Aus dem Stadion von Tim Brack

Leroy Sané und Serge Gnabry bauten Spannung auf. Gleich würde das Signal kommen, das wussten beide. Sie harrten an den Seiten des Strafraums aus, die Knie leicht gebeugt, der Oberkörper nach vorne gerichtet. Dann der Startschuss: Schalkes Torwart Ralf Fährmann hatte den Ball gespielt. Sané und Gnabry schnellten vorwärts, perfekt aufeinander abgestimmt, zwischen ihnen Robert Lewandowski. Dahinter jagte der Rest der Bayern-Mannschaft den Ball, jeder wusste, was er zu tun hat, wohin er laufen muss. Die Schalker überwältigte dieses perfekt synchronisierte Ballett, der Ball landete bei einem Münchner.

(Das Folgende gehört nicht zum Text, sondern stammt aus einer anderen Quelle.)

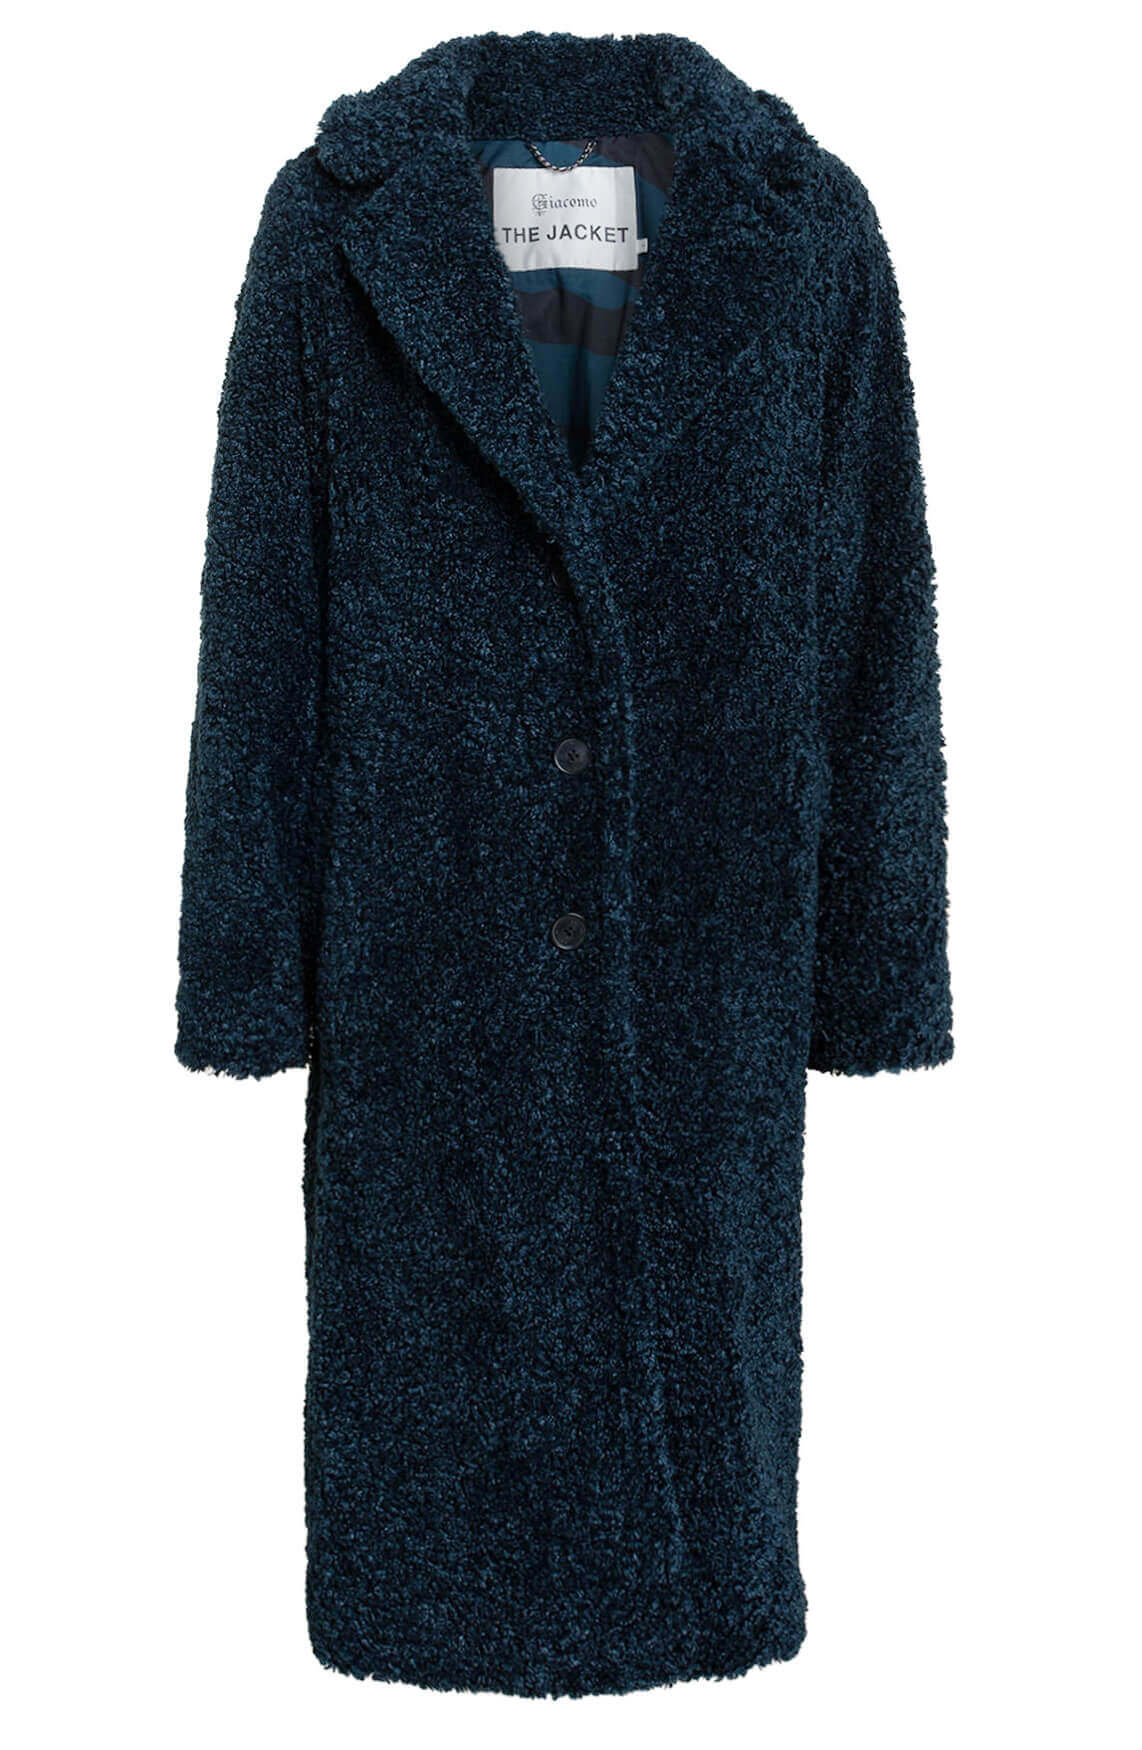 Giacomo Dames Lange teddy mantel Blauw

Szenen dieser Art wiederholten sich mehrfach im Eröffnungsspiel der 58. Bundesliga-Saison. Für die Schalker verlief es alles in allem so, als habe jemand die Büchse der Pandora über ihren Köpfen geöffnet. Als prasselte all das Übel daraus ausschließlich auf sie. Mit 8:0 (!) fertigte der FC Bayern die Gäste aus dem Ruhrpott ab. Die krachende Auftaktniederlage hatte natürlich nichts mit dem Behältnis aus der griechischen Mythologie zu tun. Eher schon mit der Büchse des Hansi, in der sich bekannte taktische Mittel verbergen. Denn die Bayern von Trainer Flick führten trotz eines kurzen Urlaubs ihr intensives Pressing auf, trotz einer Triple-Saison verströmten sie eine Gier aufs Siegen. Das war in dieser Form durchaus bemerkenswert - und auch ein wenig beängstigend.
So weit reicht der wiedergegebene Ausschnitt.